Get ready to have your mind blown! 🤯
🤝 Before we begin, I want to introduce you to Emma McIlwaine, the brilliant graphic designer and illustrator behind this newsletter’s infographics.
Check out her designs on her website, follow her on LinkedIn, and reach out to work with her.
1. ChatGPT Health would cause serious harm if deployed in hospitals
ChatGPT Health today answers health queries for millions of people around the world, but is it ready to do so?
Maybe not. A recent study published in Nature Medicine showed that:
It under-traiged 52% of medical emergencies, such as Diabetic ketoacidosis and impending Respiratory failure, to a 24–48-hour evaluation rather than the emergency department.
When a patient’s symptoms were downplayed by friends or family, the triage recommendations shifted towards less urgent care.
When people expressed suicidal thoughts with a specific method (which means a higher risk clinically), crisis interventional messages to get urgent help were less likely to be shown.
2. AI is drinking the world dry
According to the World Bank, 4 billion people live in water-scarce areas today.

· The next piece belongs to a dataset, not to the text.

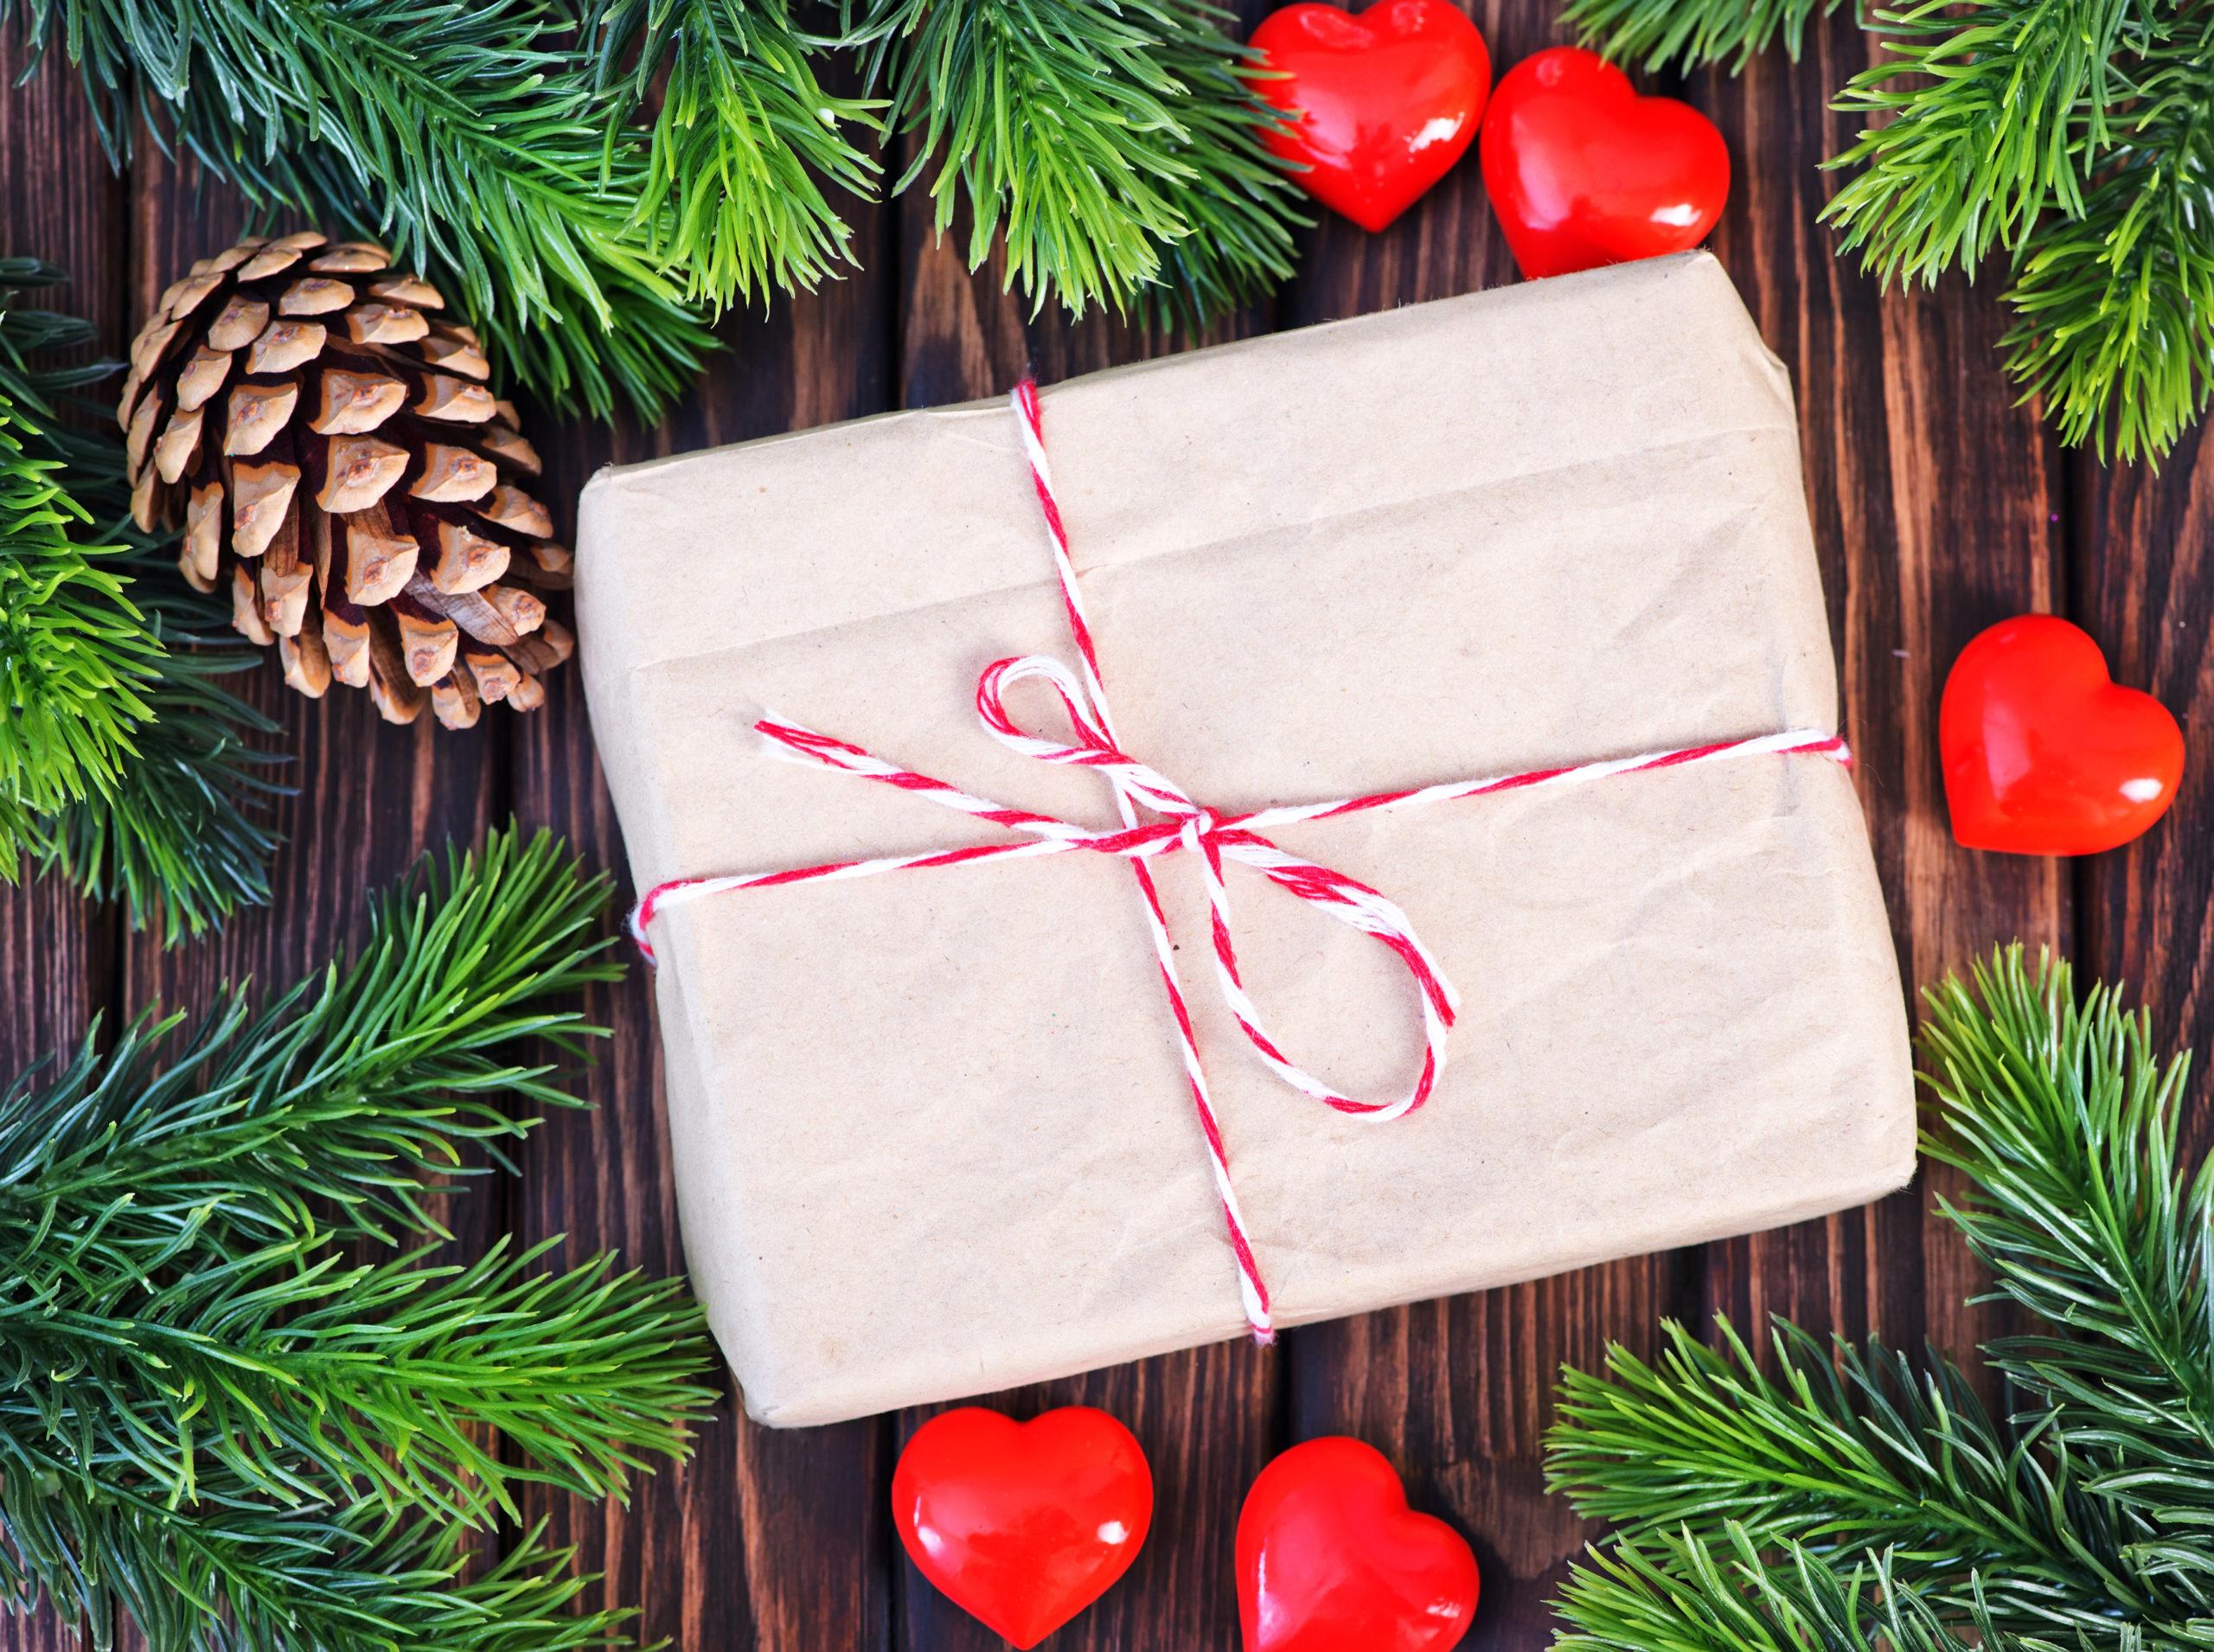 holiday-gift-image

By 2030, global demand for water will exceed sustainable supply by as much as 40%, and 1.6 billion people will not have access to safe drinking water.
At present, the AI economy requires 23 cubic km of water a year. By 2050, this is predicted to more than double to more than 54 cubic kilometers.

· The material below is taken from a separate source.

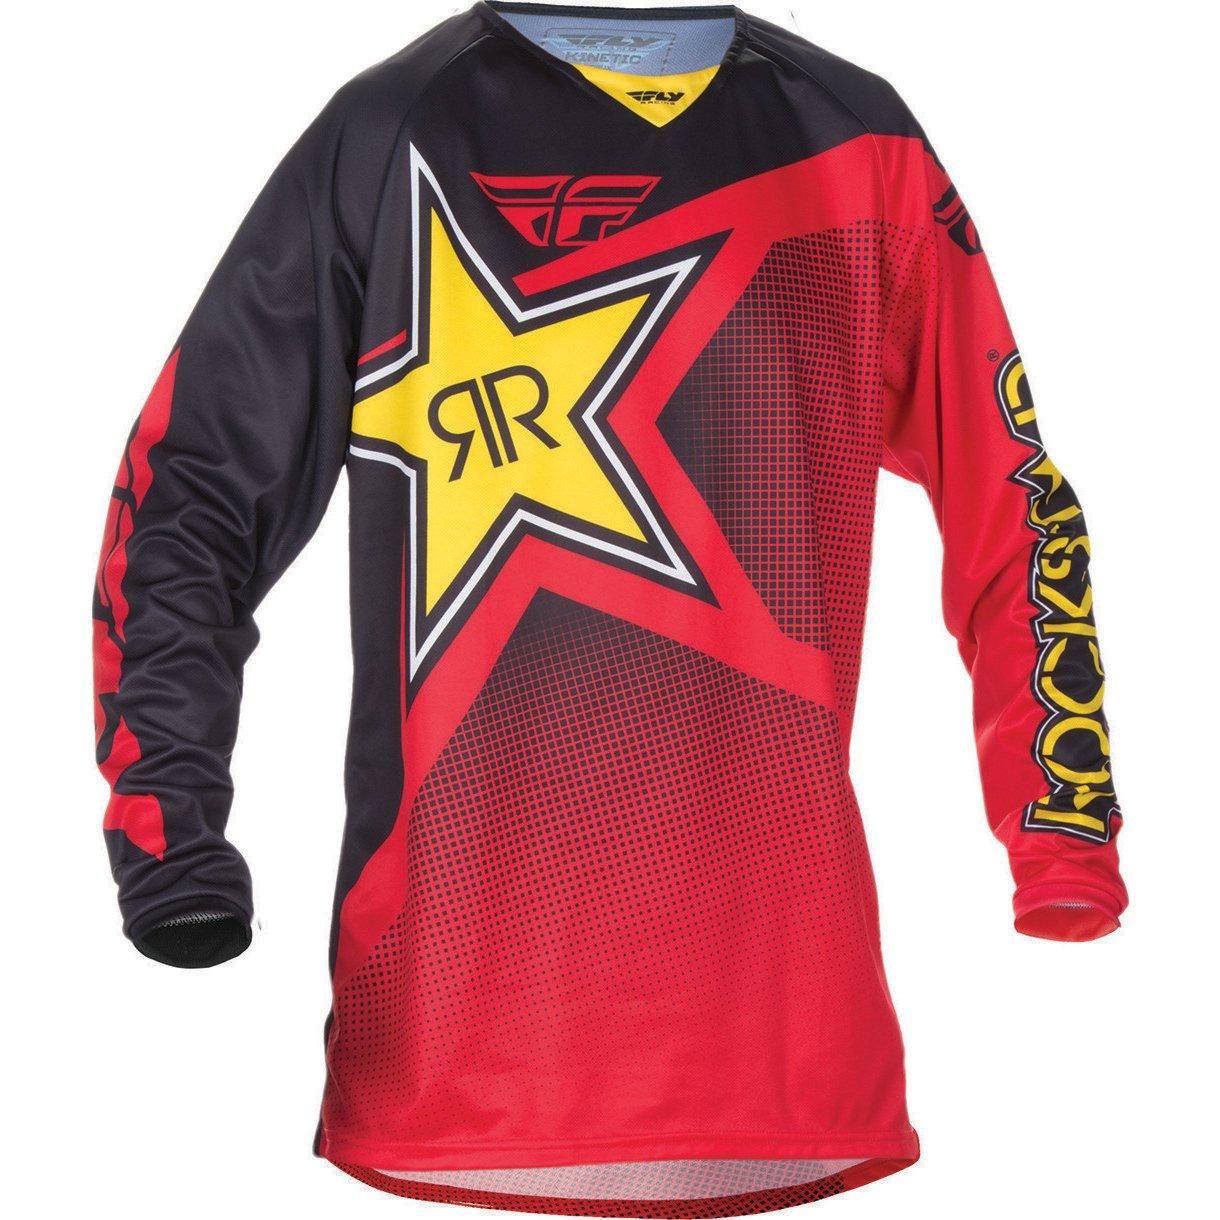 Fly Racing Mountainbike /& Motocross Mesh Hemd blau-wei/ß-orange Fahrerhemd

Unfortunately, this means that our world will run out and will need to find an extra 31 cubic kilometers of water per year to run the AI economy. That’s enough to supply every human being on Earth with an extra 3,820 liters of freshwater a year.
According to another study, training GPT-3 could have consumed a total of 5.4 million liters of water, with 700,000 liters of clean freshwater evaporated directly in the training data centers.
Alongside this, GPT-3 needs to “drink” a 500ml bottle of water for roughly 10-50 medium-length responses, depending on when and where it is deployed.
Information about the water consumption of our current AI systems is largely kept a secret.
3. AI has a race problem
A study from Lehigh University found that LLMs consistently recommended denying more loans and charging higher interest rates to Black applicants than to otherwise identical white applicants.
The study also found that black applicants would need credit scores ~120 points higher than white applicants to receive the same approval rate, and ~30 points higher to receive the same interest rate.
Another study from the University of Washington revealed that AI resume screeners preferred white-associated names in 85.1% of cases, and Black male candidates were preferred 0% of the time.
Read it again: It’s 0%.
4. Copyright? What’s that?
Anthropic recently released a detailed report on how three Chinese AI labs used ~24,000 fraudulent accounts to extract their state-of-the-art AI model, Claude’s capabilities to improve their own models.
But has Anthopic always been fair?
A recent study revealed that current LLMs can narrate almost the entire text of ‘Harry Potter and the Sorcerer’s Stone’ word for word, with Claude 3.7 Sonnet reaching the highest recall of 95.8%, followed by Gemini 2.5 Pro (76.8%) and Grok 3 (70.3%).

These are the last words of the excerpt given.